NK fires three missiles toward East Sea, with ICBM launch likely a failure

Citizens watch news related to North Korea's ballistic missile launch at Seoul Station on Wednesday morning. (Yonhap)
Citizens watch news related to North Korea's ballistic missile launch at Seoul Station on Wednesday morning. (Yonhap)

North Korea on Thursday continued launching missiles for a second day, upping the pressure on the South with what Seoul suspects to be an intercontinental ballistic missile. The South Korea and US air forces have decided to extend the training period of their large-scale joint air exercise “Vigilant Storm.”

The South Korean military detected one long-range ballistic missile, which was launched into the East Sea from around 7:40 a.m. in Pyongyang, and two short-range ballistic missiles from around 8:39 a.m. in Kaechon, South Pyongan Province, according to the Joint Chiefs of Staff in the morning.

The long-range ballistic missile flew about 760 kilometers and reached an altitude of about 1,920 kilometers and a speed of approximately Mach 15, while the short-range ballistic missile flew about 330 kilometers, reaching an altitude of about 70 km and a speed of about Mach 5. Detailed data is being analyzed closely by South Korean and US intelligence authorities, the JCS said.

Japanese media outlet NHK reported on the same day that the first ballistic missile launched by North Korea passed over Japan, but the Japanese Defense Ministry later clarified that it had not. Accordingly, it is estimated that North Korea failed by launching a long-range ballistic missile at an elevation higher than the normal angle of 30-45 degrees.

The South Korea and US air forces decided to extend the training period of the large-scale joint air exercise “Vigilant Storm,” which started Monday, in response to the recent continuous provocations by North Korea, the South Korea Air Force said in the afternoon.

“The Air Force Operations Command and the US 7th Air Force agreed that it was necessary to demonstrate the solid combined defense posture of the ROK-US alliance under the current security crisis, which is heightened by North Korean provocations,” the Air Force said.

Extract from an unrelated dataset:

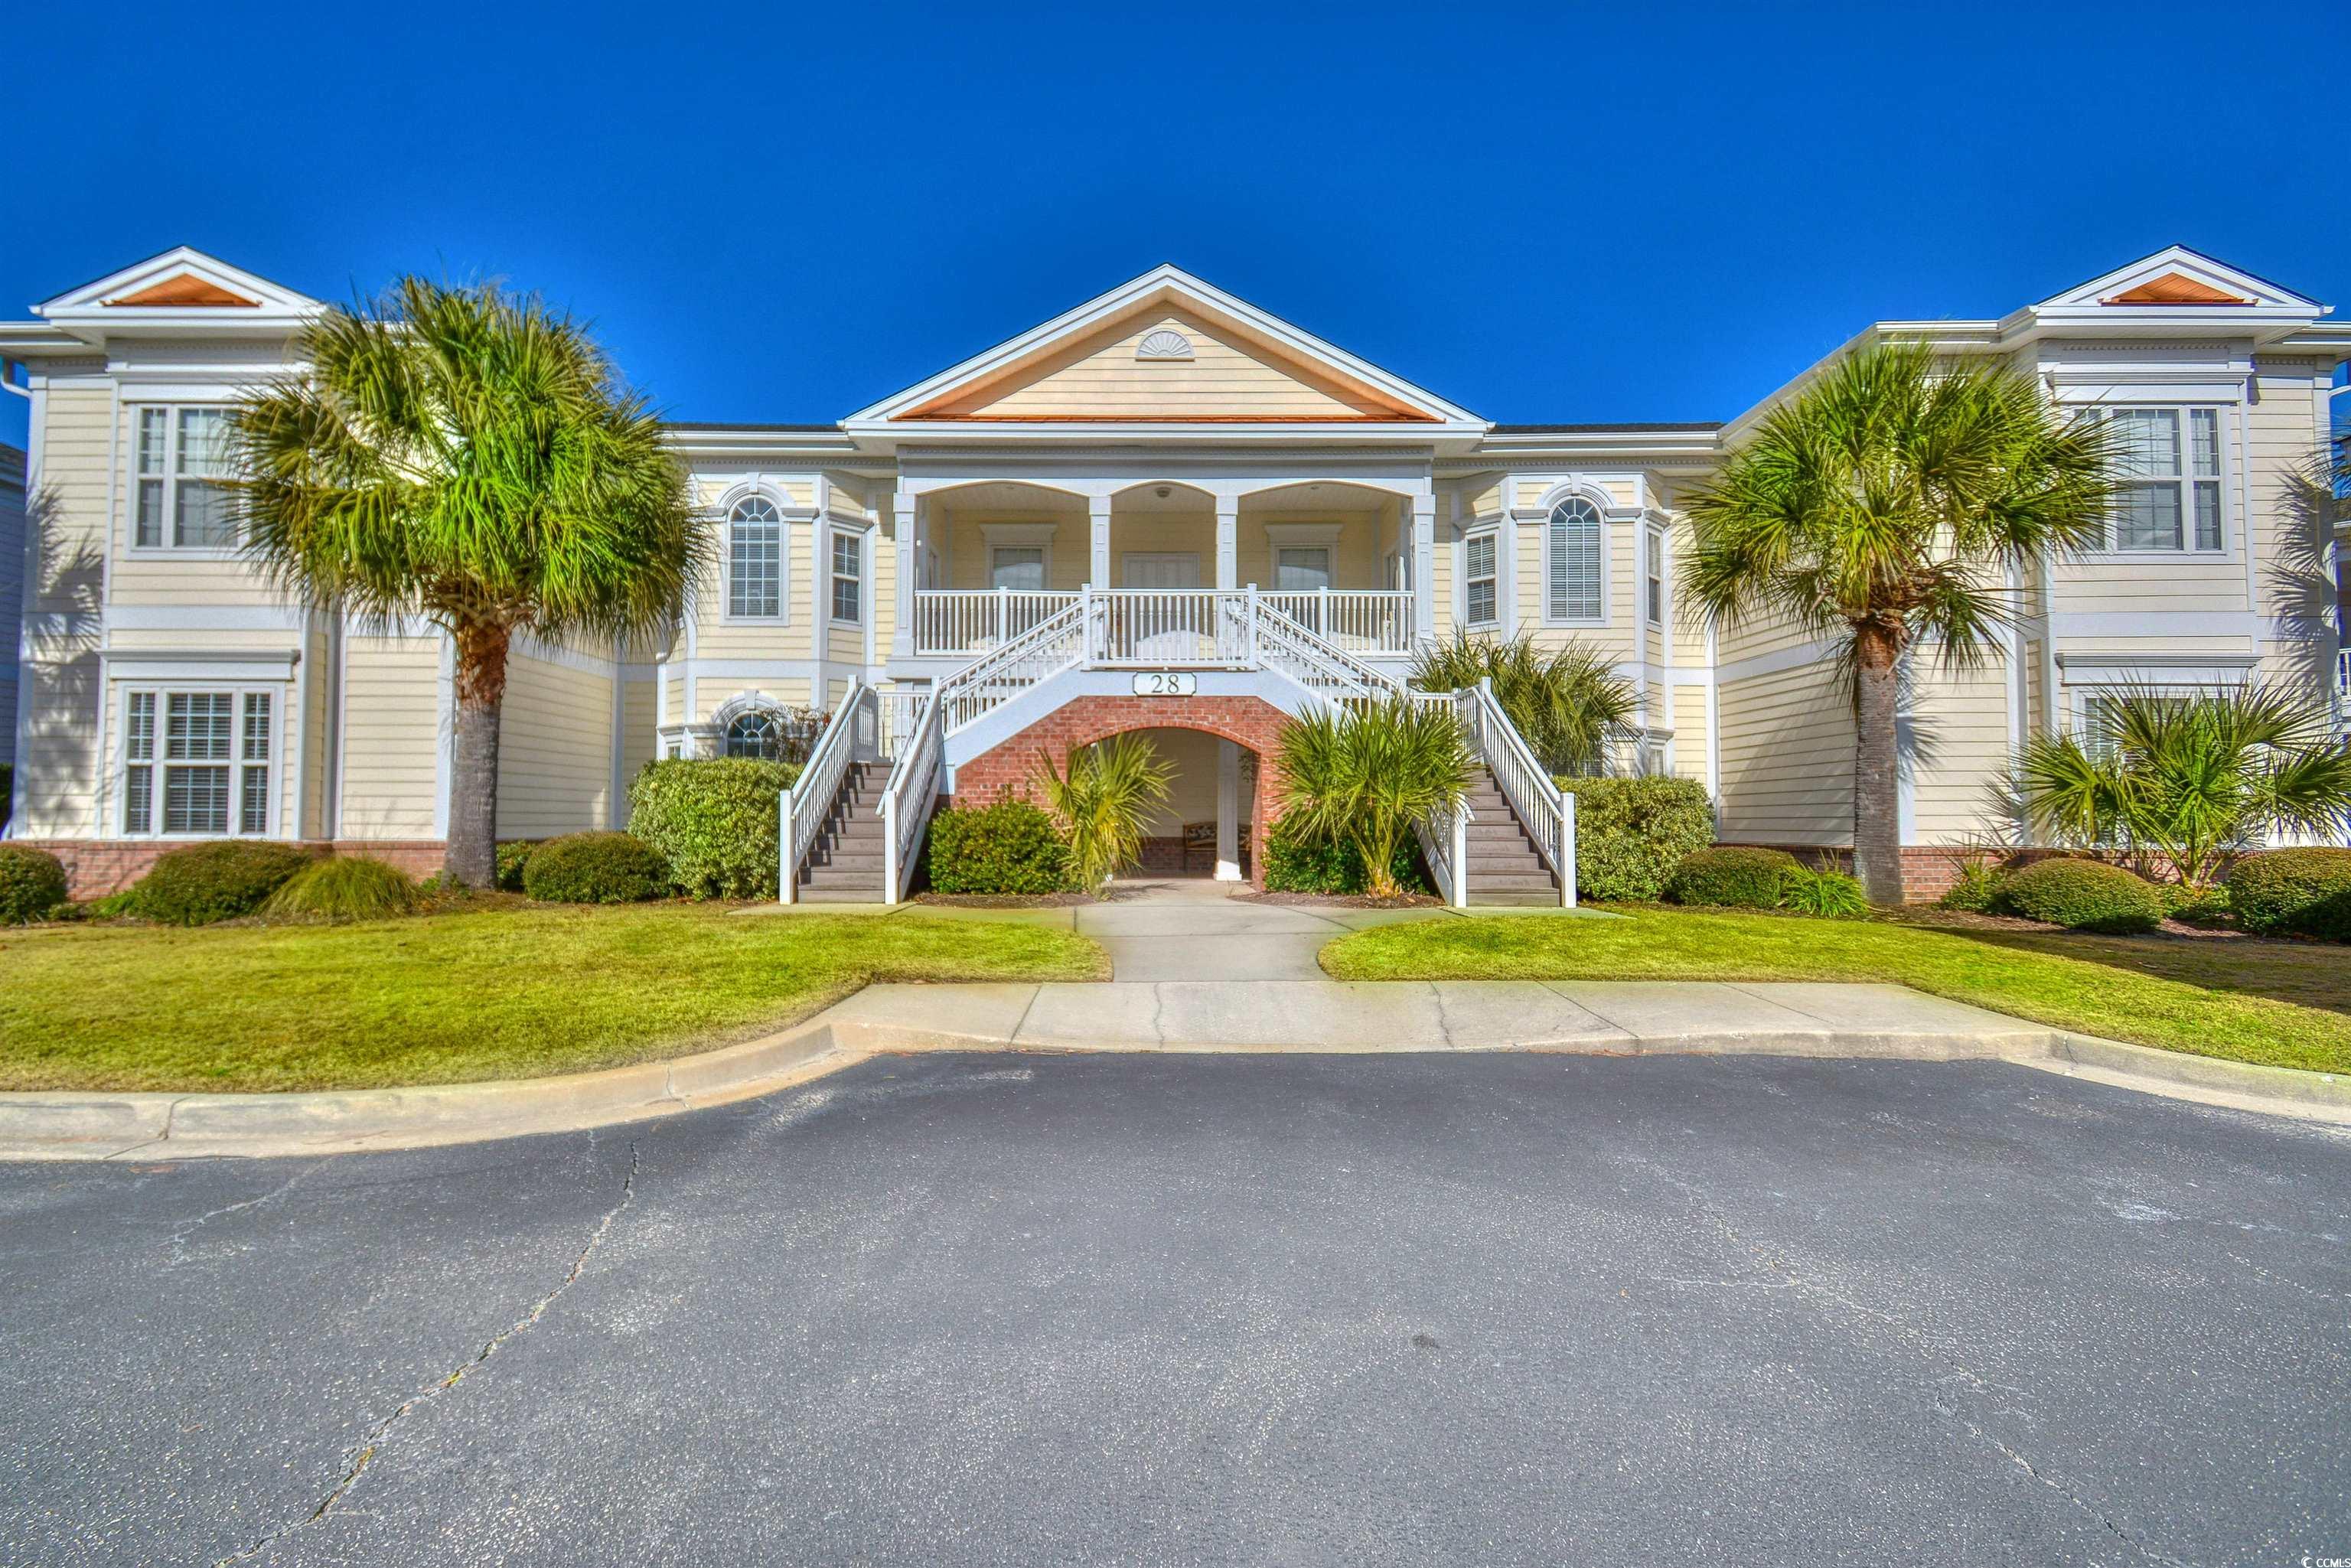 open house saturday, 1/27/24 12 to 3pm location, location this condo is located in the litchfield beach section of pawleys island. the avian forest community is well maintained community with access to the private beach at "litchfield by the sea: plus the community pool onsite. this beautiful freshly painted 1st floor 4 bedroom condo comes completely furnished. although it is a 4 bedroom condo you can live in the larger 2 bedroom side and rent the lockout 2 bedroom unit for additional income. it is currently on a rental program and the owners use it for 4 months in the winter. the hvac systems were replaced in 2019 & 2022 and the water heaters were replaced in october of 2021. it comes with a private 1 car garage and additional parking as well. everything you want is minutes away, dining, golf, shopping and of course your own private beach.

The National Security Office strongly condemned three North Korean ballistic missile launches Thursday as a grave violation of United Nations Security Council resolutions and vowed to continue the South Korea-US joint defense exercise.

The National Security Office said it immediately reported the relevant information to President Yoon Suk-yeol, and held an emergency standing committee presided over by national security adviser Kim Sung-han. Yoon attended the meeting, where he was briefed on the situation and ordered countermeasures.

“NSC Standing Committee members noted that North Korea violated the NLL yesterday for the first time since the division and launched another ballistic missile provocation today,” the presidential office said in a written statement on at 11:25 a.m.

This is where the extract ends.